From: Darren on
Hi, I am new to this algorithm, and I read that the algorithm is
correct – i.e. will always produce the optimal minimum spanning tree.

As an experiment I tried the algorithm on a weighted graph, and got
two different results. Can somebody help me work out where I went
wrong?

Graph has labeled vertices A=(0,0), B=(10, 1), C=(20, -2), D=(30,0)

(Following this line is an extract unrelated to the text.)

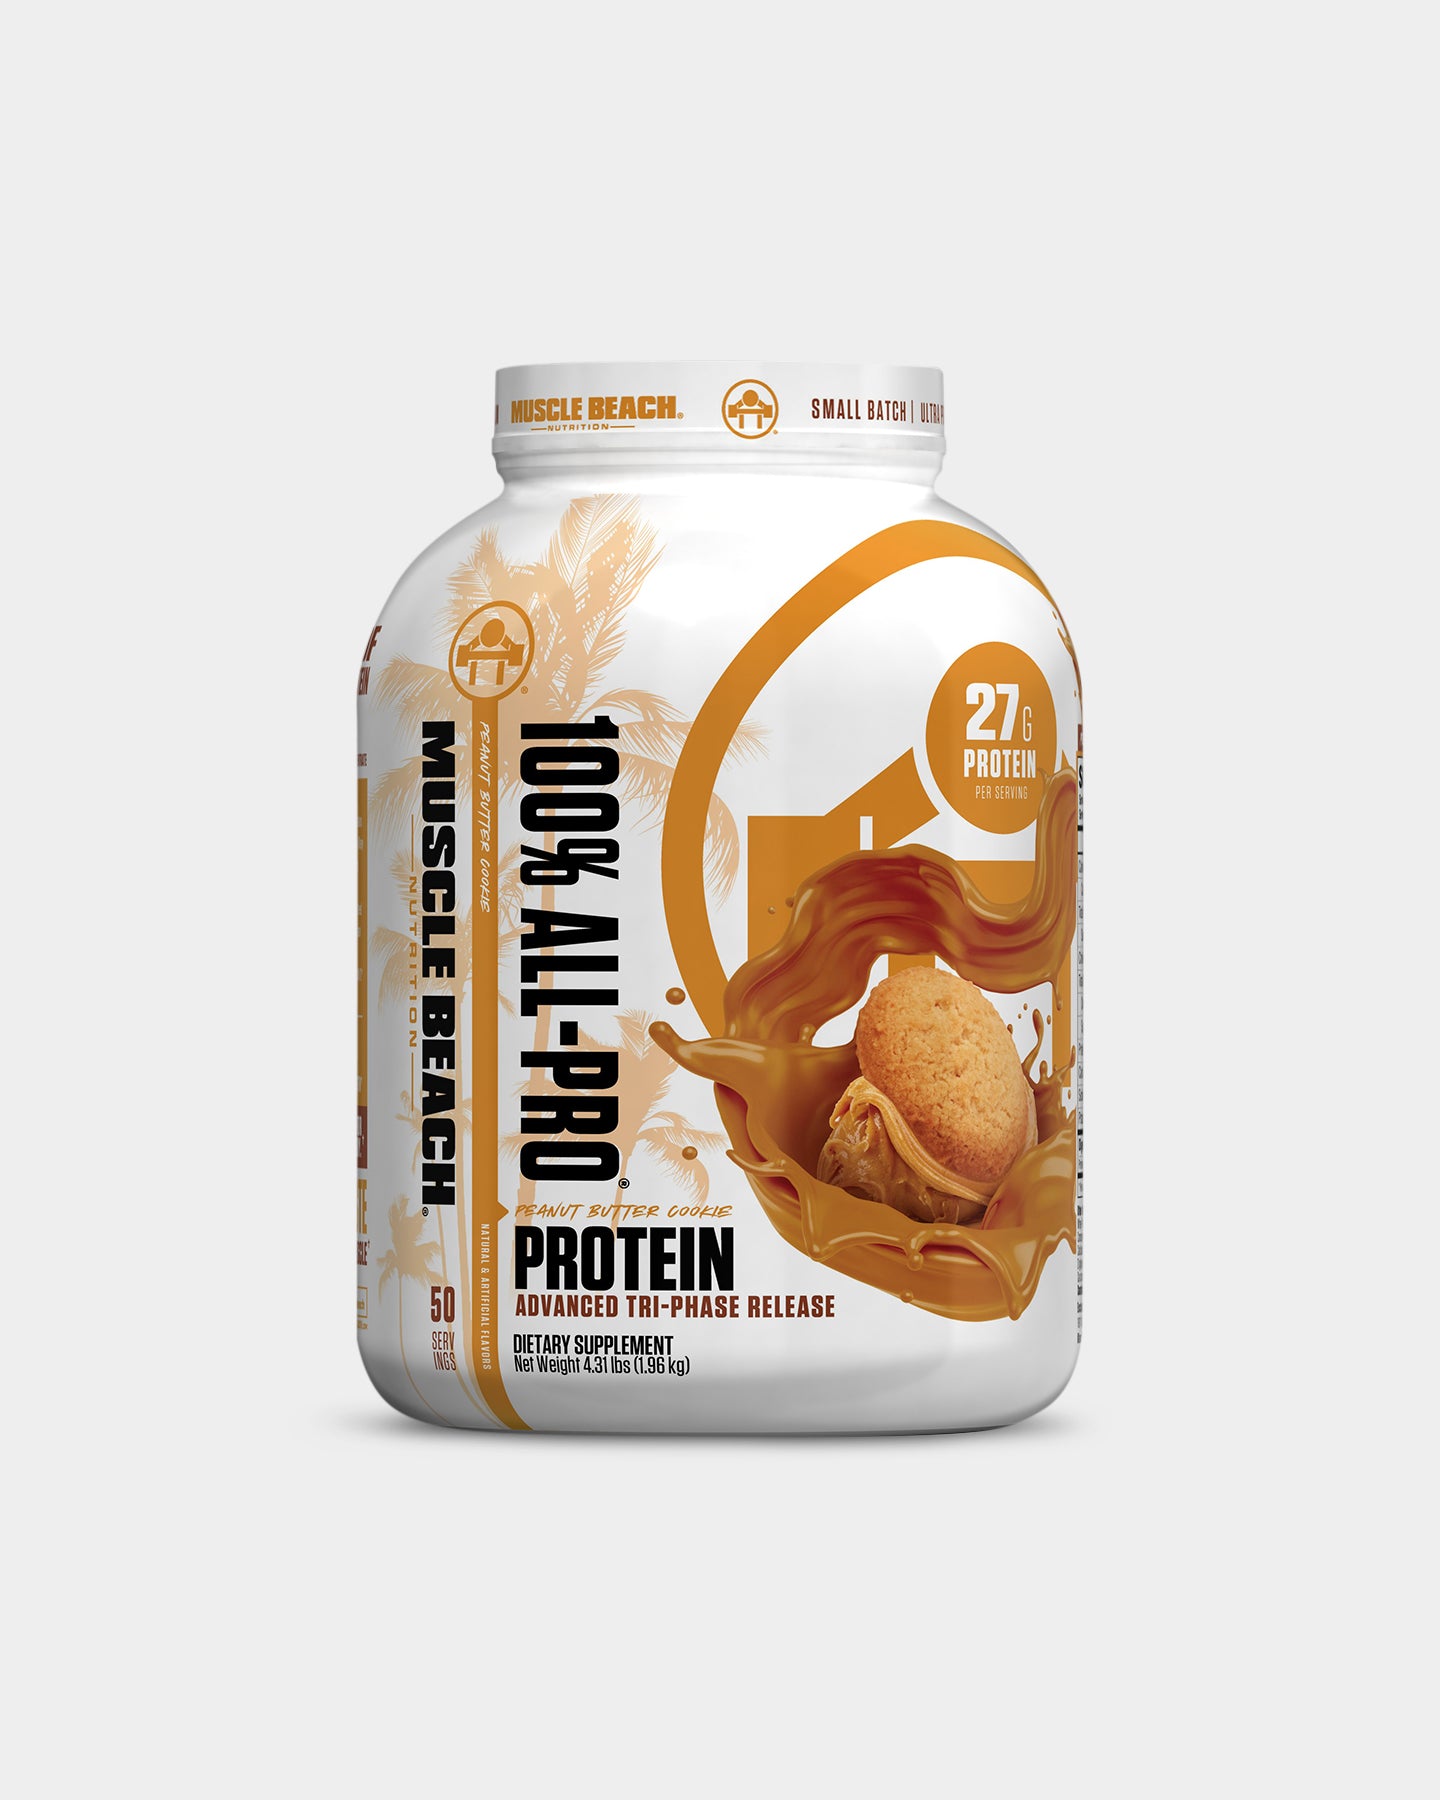 Image of Muscle Beach Nutrition 100% All Pro Protein Powder

Now, if I start from C, I get C->D->B->A

But if I start from B, I get B->A->C->D.

These are two different trees?

Guess they would be equivalent if you closed the loop:
C->D->B->A->C
B->A->C->D->B
In which case, I think the usual proofs of correctness would be
correct.
From: Darren on
On 15 July, 11:44, Darren <anon5...(a)yahoo.com> wrote:
> Hi, I am new to this algorithm, and I read that the algorithm is
> correct – i.e. will always produce the optimal minimum spanning tree.
>
> As an experiment I tried the algorithm on a weighted graph, and got
> two different results. Can somebody help me work out where I went
> wrong?
>
> Graph has labeled vertices A=(0,0), B=(10, 1), C=(20, -2), D=(30,0)
>
> Now, if I start from C, I get C->D->B->A
>
> But if I start from B, I get B->A->C->D.
>
> These are two different trees?
>
> Guess they would be equivalent if you closed the loop:
> C->D->B->A->C
> B->A->C->D->B
> In which case, I think the usual proofs of correctness would be
> correct.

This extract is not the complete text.